Now, there's nothing I want to care about more right now than the Sixers. Last postseason is absolutely still raw, and even though I've actually been generally in favor of most of Daryl's offseason moves so far, shit's not getting any more cooked until Melbourne's finest 6'11" point guard-not-point guard is officially playing for a team outside the Wawa radius. Plus, the Forever .500 Phillies have somehow won eight in a row to move to six games over -- as long as I can avoid thinking too much about what that likely implies for the next six games, that seems like it should be plenty excitement to tide me over until Ben is gonezo.

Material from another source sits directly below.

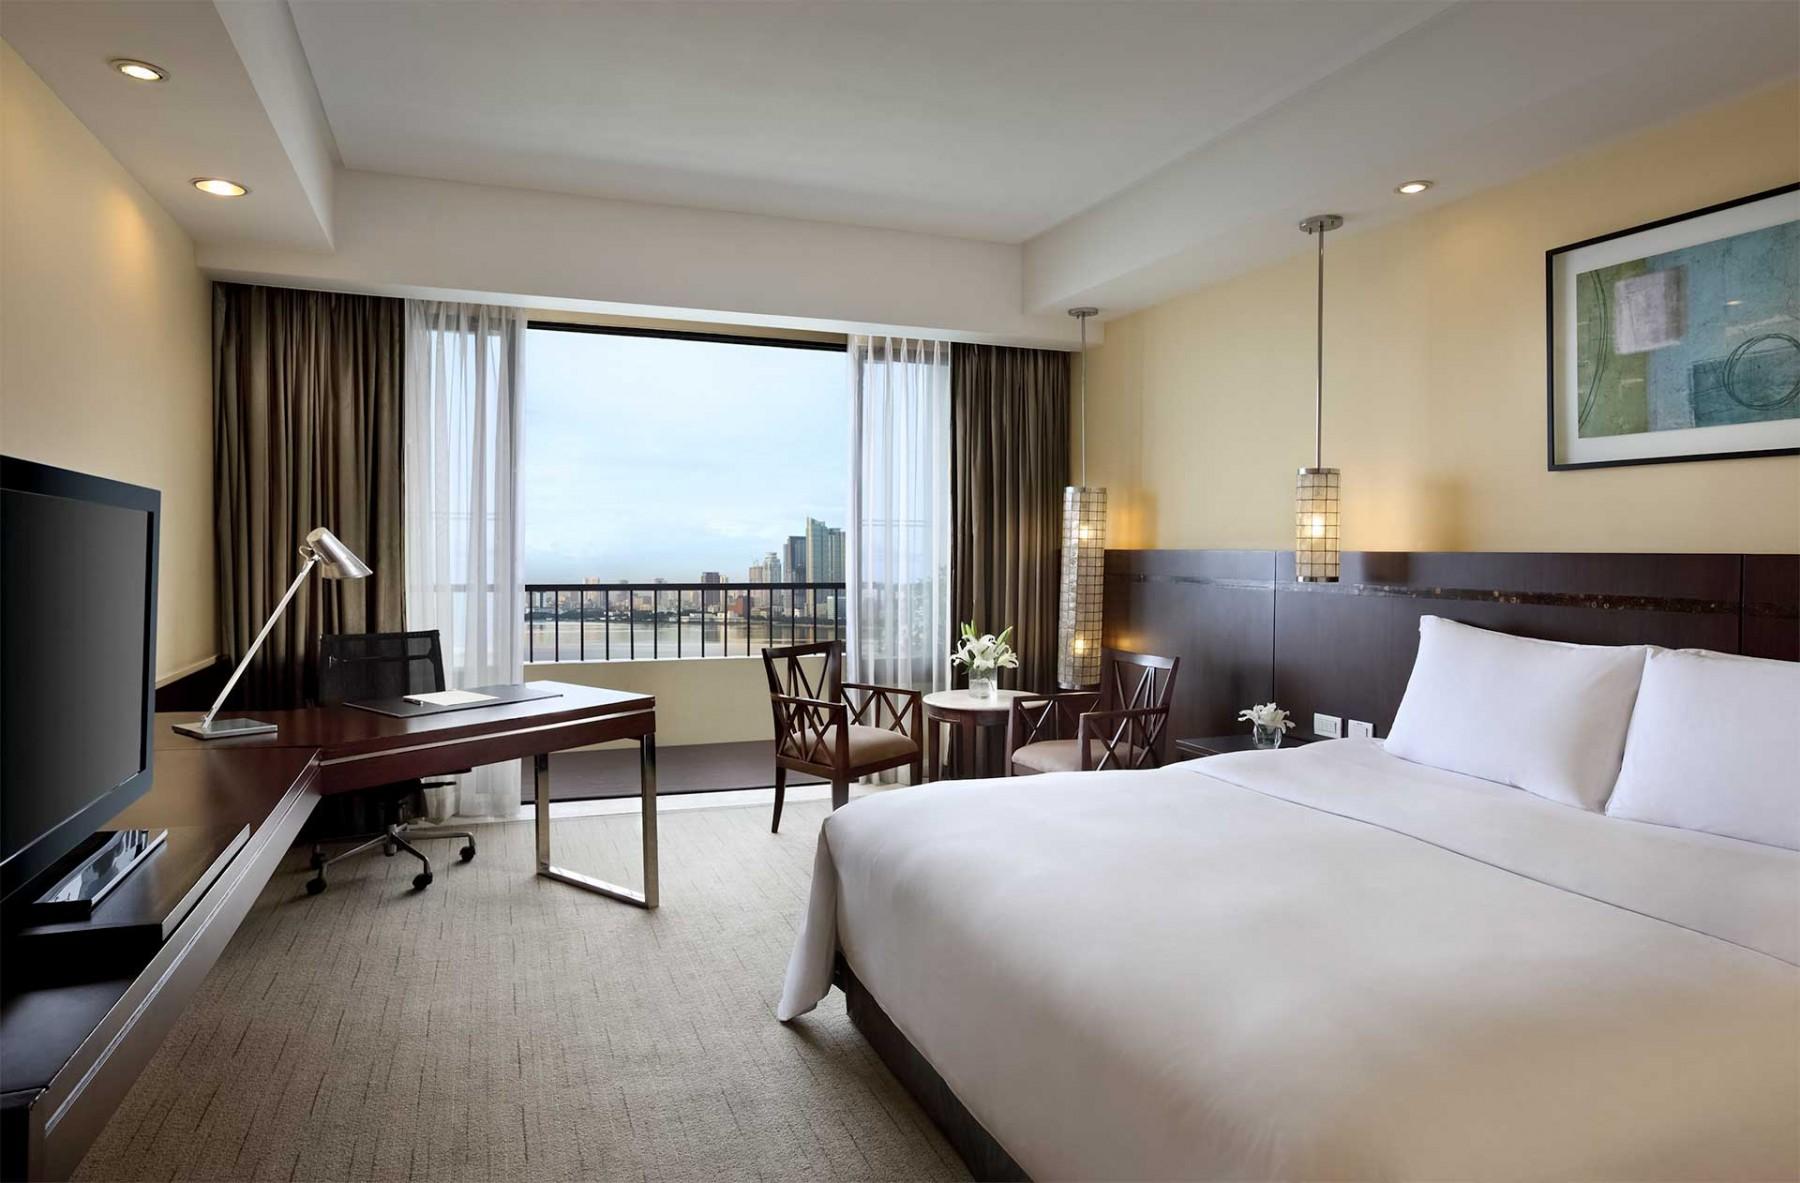 Esteso il bonus mobili per gli hotel - IlGiornale.it

But really, this isn't the Big League Sixers. Obviously that's true in a literal roster sense; only one guy from this time was a consequential part of last year's regular season roster, only another 2-3 are likely to be next season. But it's also true in a larger identity sense: Whether Joel Embiid, Tobias Harris, or of course The Other Guy, nothing defines our Autumn to Spring Sixers quite like the hesitation to shoot from distance. But this squad is absolutely fearless in that respect -- Tyrese Maxey in particular appears to be applying to fill in the role of Kyle Lowry now on the Sixers himself with his pull-up bombing, and Isaiah Joe doesn't seem particularly bothered by how many threes he makes as long as he gets to double digits in attempts. Even our bigs shoot: Paul Reed, Filip Petrusev and Braxton Key combined to go 1-4 from deep, but they all took at least one. If nothing else, this is not a team that's gonna get caught looking at strike three; they're going down swinging, dammit.
So fine. I will open my heart to the Too Good For Summer League Sixers. They seem worth it, and COVID variants may be pushing me inside and in front of my television 24 hours a day soon enough anyway. I have nothing to lose except my soul and my sanity.